Study design and data sources

We defined 54 performance indicators in different clinical areas that included treatment for cardiac, cerebrovascular, orthopedic, obstetric, respiratory, and digestive disorders [14]. Some were health outcome indicators, such as 30-day mortality after an episode of myocardial infarction or 30-day complications after cholecystectomy; others were process indicators for which an association with improved health outcomes has been already proven, such as intervention within 48 hours of hospital admission for hip fracture in the elderly. Finally, hospitalization rates for pathologies generally treated out of the hospital, such as diabetes, asthma, and influenza, were considered an indication of failure in primary care [21].
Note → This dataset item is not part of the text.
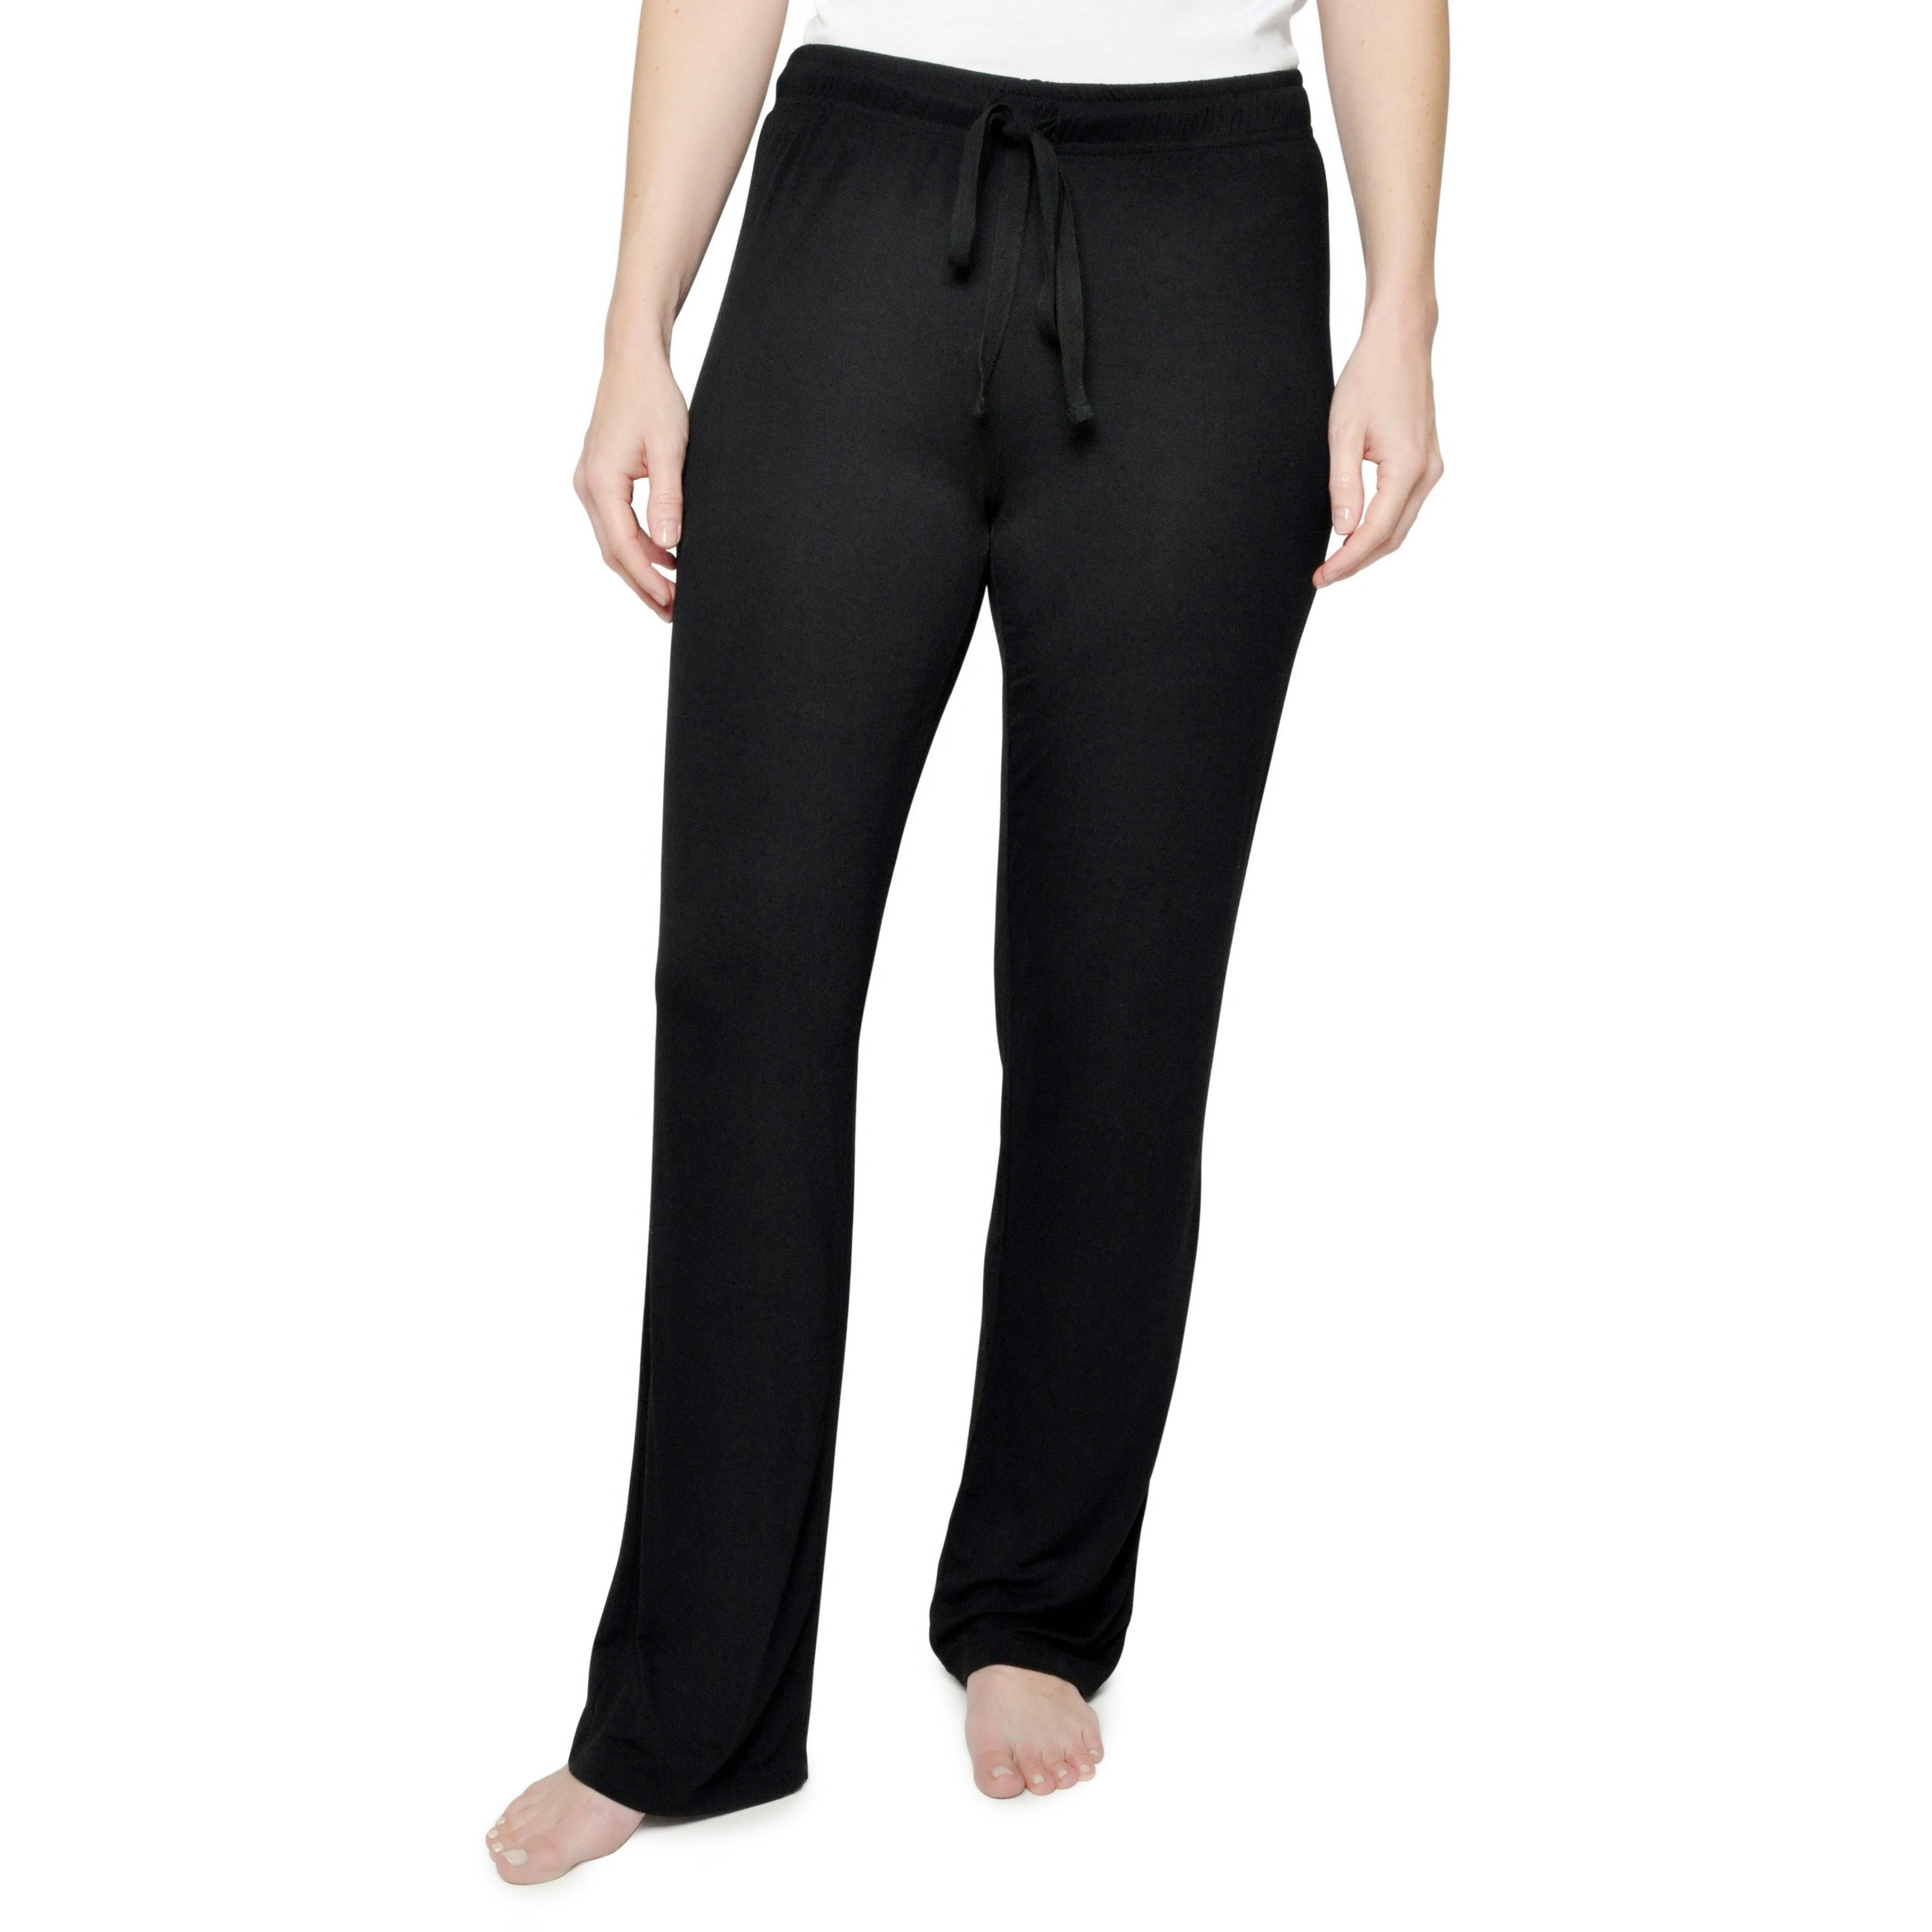 b298b1a8851 6 pairs Semi Sheer TAN Thigh High Hi Stockings Nylons Hosiery OLD FASHION  TAN Thigh Sheer
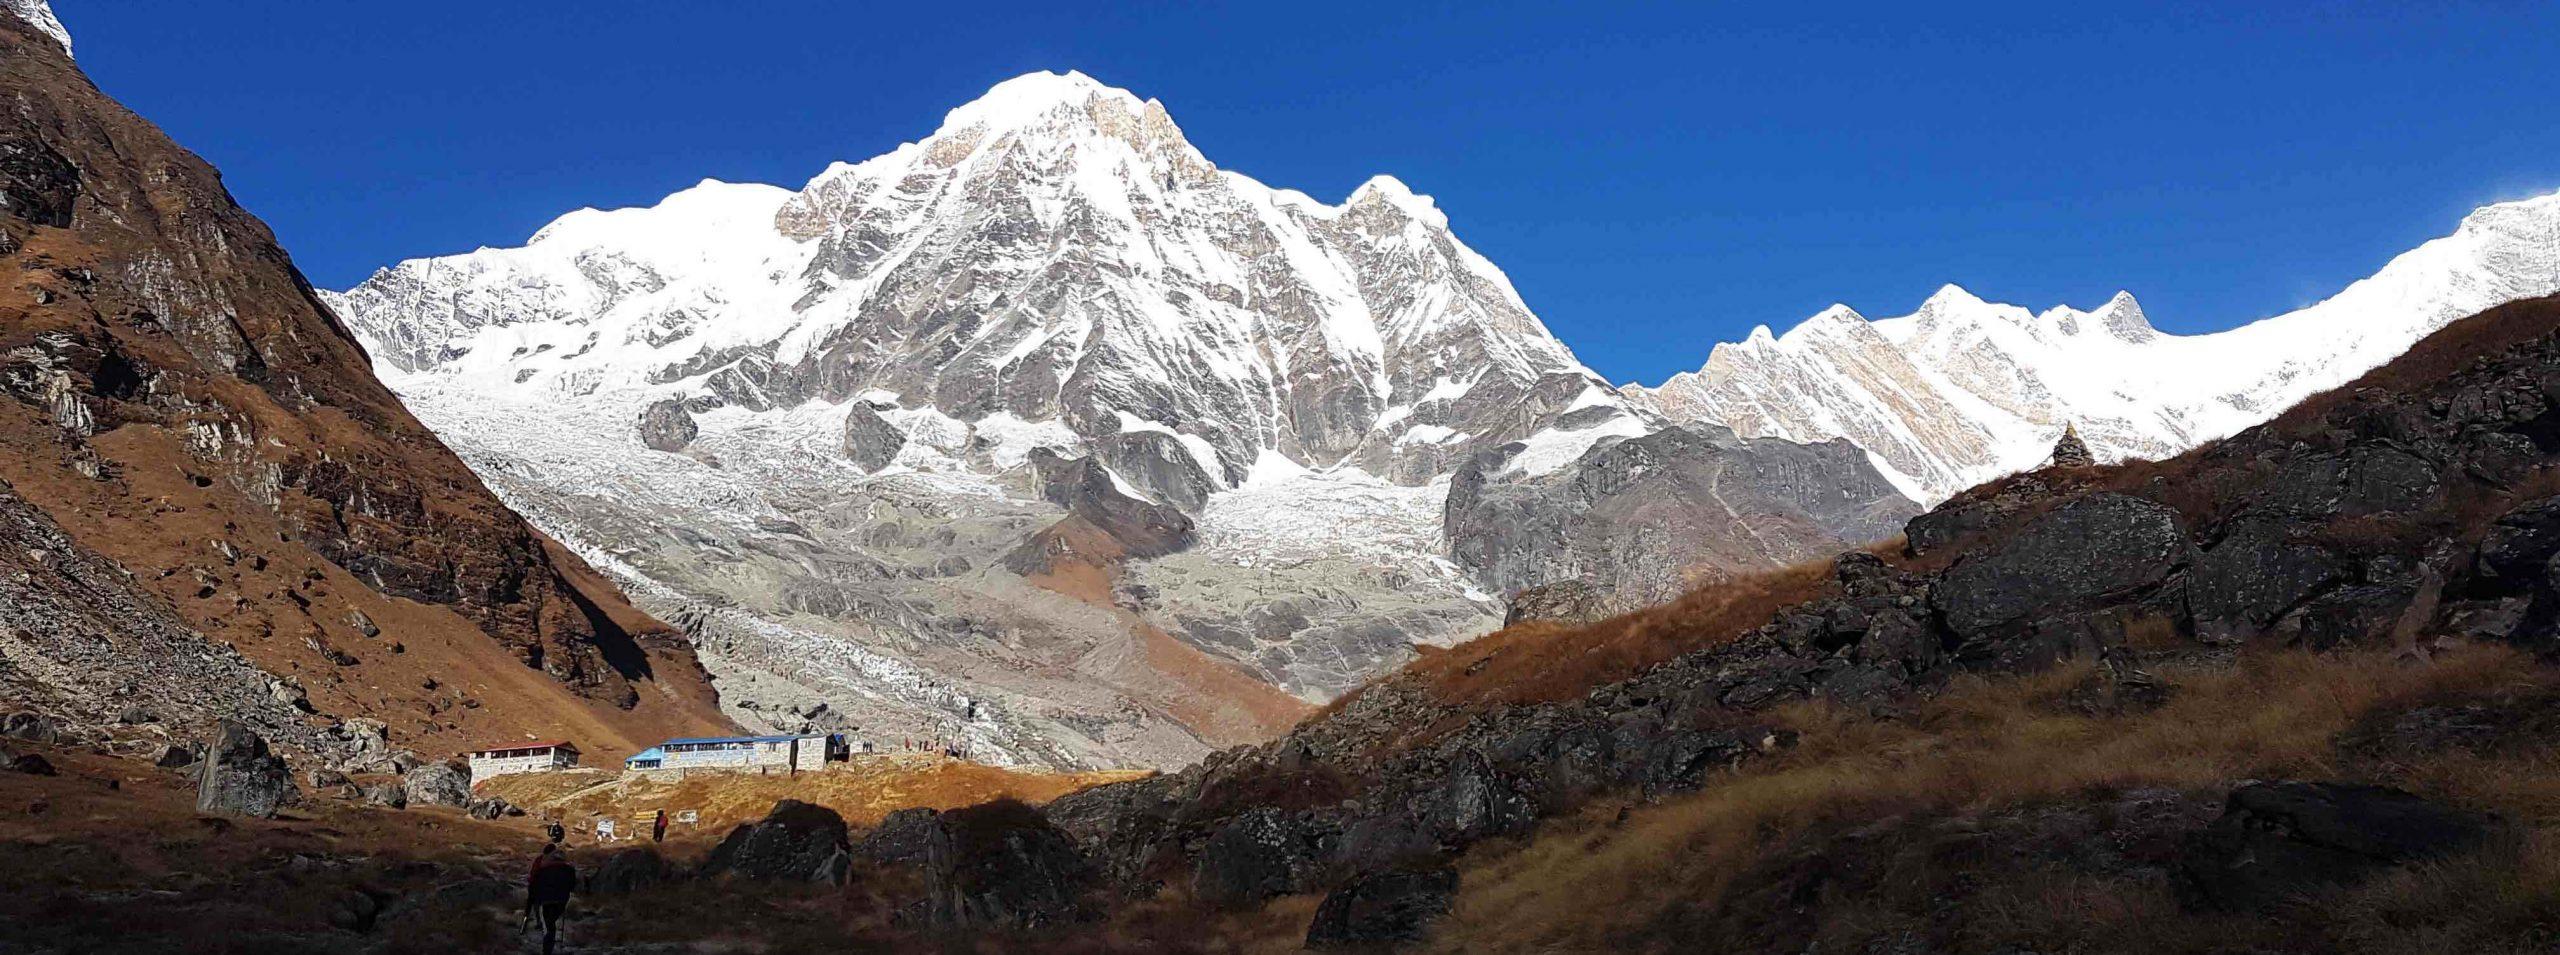 header image Annapurna sunrise

Most indicators were selected based on their previous use in international and national studies [719, 2124], while other indicators were developed in order to describe particular components of care or clinical pathways. A rationale and a detailed operative protocol were elaborated for each indicator according to a standard outline [14]. The indicators were defined using information collected from regional health information systems covering the whole Lazio population: the Hospital Information System (HIS), the Emergency Information System (EIS), the Mortality Information System (MIS), the Report Admission-Discharge for Rehabilitation (RADR), and the Hospital Deliveries Information System (HDIS). For detailed information about each, please see http://www.epidemiologia.lazio.it/vislazio_en/fonti.php.

The HIS database was the primary source for case selection and outcomes/comorbidities data. We also used information from the EIS database to better identify comorbidities and to estimate the time to death or time to surgery after arrival at the hospital (i.e. admission to the Emergency Department or to a hospital ward). Deaths during the study period were identified using the HIS, the EIS, and the MIS. The RADR database was used to identify admission to a rehabilitation center following hospital admission for stroke. Finally, we used the HDIS database for more accurate identification of new births, primary cesarean deliveries, and risk factors for cesarean section which are not included in the HIS.

HIS records were linked with EIS, MIS, RADR, and HDIS records using deterministic record-linkage. To ensure maximum coverage of the population while avoiding double counting, the linkage method uses a unique patient identifier deriving from information on persons' names, date and place of birth and gender, according to Italian privacy legislation.

Study population

P.Re.Val.E. analyzed hospital discharges in the Lazio region in the 2006-2009 period [14]. Most data were expressed as ratios in which the numerator represents the number of treatments/interventions provided or the number of patients with a given outcome (i.e., short-term mortality, hospitalization for specific conditions, etc.) and the denominator represents the group of patients at risk. In other cases, the indicators were defined as survival/waiting time (e.g., the wait for surgery after hip fracture).

The analyses were performed, two years over two years, by area of residence regardless of the hospital at which the patient was treated and by hospital.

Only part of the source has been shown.